I mean, shouldn't the matching be one-to-one, not many-to-one.
Last edited on Jan 2, 2011 at 9:14am
Jan 2, 2011 at 12:43pm
thanks for the answer simeonz,

I was looking for something that could avoid me to make a lot of euclidian distanceses between the rows of A and B.
(something like a particular data structure as you suggested)
(there are more than 1000 sifts in an image)

excluding B row in your code (line 11) maybe a good idea, but this won't bring down too much the computation, i guess.
thanks again for answering me.
Jan 2, 2011 at 12:59pm
There is indeed another way.

Lowe stated that for small vector distances, arcos(x) is a good replacement to approximate the angle between them.
Calculating the non-complex arcos(x) (complex calculus would be worse than the euclidean distance) and preferably using a discrete threshold to make the value real, may speed all your process up significantly.

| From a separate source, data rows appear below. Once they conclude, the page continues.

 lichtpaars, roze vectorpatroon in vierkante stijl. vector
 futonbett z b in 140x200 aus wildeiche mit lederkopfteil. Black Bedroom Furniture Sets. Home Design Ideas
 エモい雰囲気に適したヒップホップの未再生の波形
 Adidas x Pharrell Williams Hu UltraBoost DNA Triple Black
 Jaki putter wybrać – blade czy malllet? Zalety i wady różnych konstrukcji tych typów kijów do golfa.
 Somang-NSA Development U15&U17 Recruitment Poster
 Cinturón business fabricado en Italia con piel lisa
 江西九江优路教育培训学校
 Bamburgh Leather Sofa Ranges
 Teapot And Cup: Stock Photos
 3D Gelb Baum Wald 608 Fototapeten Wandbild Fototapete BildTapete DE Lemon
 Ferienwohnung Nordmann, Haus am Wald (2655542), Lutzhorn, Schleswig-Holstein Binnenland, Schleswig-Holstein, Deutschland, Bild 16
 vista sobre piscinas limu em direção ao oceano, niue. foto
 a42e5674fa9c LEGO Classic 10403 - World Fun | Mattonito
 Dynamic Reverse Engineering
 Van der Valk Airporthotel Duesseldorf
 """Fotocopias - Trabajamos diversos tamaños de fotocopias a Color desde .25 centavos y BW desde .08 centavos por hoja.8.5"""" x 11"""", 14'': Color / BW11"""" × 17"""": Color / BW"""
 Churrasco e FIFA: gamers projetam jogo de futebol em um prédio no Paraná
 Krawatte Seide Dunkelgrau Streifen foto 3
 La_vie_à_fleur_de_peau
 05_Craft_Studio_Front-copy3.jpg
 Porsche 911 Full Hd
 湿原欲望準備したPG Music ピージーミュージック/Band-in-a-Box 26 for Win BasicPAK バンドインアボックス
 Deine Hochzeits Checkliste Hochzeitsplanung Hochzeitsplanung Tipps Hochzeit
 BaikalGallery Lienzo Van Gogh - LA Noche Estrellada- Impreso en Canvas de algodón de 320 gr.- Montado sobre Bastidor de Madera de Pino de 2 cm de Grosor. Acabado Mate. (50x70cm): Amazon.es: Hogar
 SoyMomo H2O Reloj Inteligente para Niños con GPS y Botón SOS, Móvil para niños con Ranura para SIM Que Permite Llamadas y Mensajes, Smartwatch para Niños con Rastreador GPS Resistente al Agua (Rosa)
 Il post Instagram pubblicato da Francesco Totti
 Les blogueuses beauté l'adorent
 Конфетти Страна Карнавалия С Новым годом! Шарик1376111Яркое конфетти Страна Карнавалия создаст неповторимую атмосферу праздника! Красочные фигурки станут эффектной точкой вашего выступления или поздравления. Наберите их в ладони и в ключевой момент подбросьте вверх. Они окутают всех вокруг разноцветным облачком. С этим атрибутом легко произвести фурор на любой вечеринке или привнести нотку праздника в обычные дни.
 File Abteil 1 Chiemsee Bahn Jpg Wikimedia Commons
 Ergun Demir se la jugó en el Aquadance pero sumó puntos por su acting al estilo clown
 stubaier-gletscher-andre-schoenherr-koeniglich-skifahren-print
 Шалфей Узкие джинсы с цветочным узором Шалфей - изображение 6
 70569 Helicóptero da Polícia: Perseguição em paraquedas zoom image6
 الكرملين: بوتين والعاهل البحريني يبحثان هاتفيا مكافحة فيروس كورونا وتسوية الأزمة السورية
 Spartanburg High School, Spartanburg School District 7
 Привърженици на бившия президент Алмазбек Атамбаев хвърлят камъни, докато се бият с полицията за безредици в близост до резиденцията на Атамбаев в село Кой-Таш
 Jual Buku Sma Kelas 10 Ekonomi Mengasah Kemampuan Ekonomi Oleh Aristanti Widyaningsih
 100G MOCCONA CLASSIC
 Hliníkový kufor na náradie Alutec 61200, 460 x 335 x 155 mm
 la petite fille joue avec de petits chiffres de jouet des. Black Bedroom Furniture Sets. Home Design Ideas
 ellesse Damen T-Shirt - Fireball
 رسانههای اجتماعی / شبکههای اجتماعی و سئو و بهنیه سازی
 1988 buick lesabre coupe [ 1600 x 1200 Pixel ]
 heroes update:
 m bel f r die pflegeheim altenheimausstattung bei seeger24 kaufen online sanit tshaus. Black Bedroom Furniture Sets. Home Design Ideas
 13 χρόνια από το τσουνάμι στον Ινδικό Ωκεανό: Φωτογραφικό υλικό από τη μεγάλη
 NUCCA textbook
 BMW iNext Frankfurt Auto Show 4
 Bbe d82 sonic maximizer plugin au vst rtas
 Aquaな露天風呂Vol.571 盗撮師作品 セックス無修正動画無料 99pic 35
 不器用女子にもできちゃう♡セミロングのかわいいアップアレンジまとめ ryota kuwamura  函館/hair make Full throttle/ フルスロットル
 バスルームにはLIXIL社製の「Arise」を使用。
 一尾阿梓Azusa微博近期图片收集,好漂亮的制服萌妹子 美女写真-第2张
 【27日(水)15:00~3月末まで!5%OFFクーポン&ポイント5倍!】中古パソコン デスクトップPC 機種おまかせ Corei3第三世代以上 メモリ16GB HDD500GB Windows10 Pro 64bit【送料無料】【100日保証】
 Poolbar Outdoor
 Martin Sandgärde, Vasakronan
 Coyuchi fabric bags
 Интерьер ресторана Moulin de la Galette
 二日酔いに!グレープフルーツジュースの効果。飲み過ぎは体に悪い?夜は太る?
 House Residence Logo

I highly suggest you to take a look at Lowe's papers. Good Luck!
Jan 2, 2011 at 1:48pm
I meant that excluding B row could be more proper for correctness sake. This will indeed not improve the performance by much.
Jan 2, 2011 at 2:58pm
thanks kpeleo, i've foud this: http://citeseerx.ist.psu.edu/viewdoc/download?doi=10.1.1.157.3843&rep=rep1&type=pdf

it says that to improve efficiency i must not use deterministics way, but a probabilistic algorithm, but that reduces efficiency.
Before looking for a new probabilistic approach, i'm still looking for a deterministic one.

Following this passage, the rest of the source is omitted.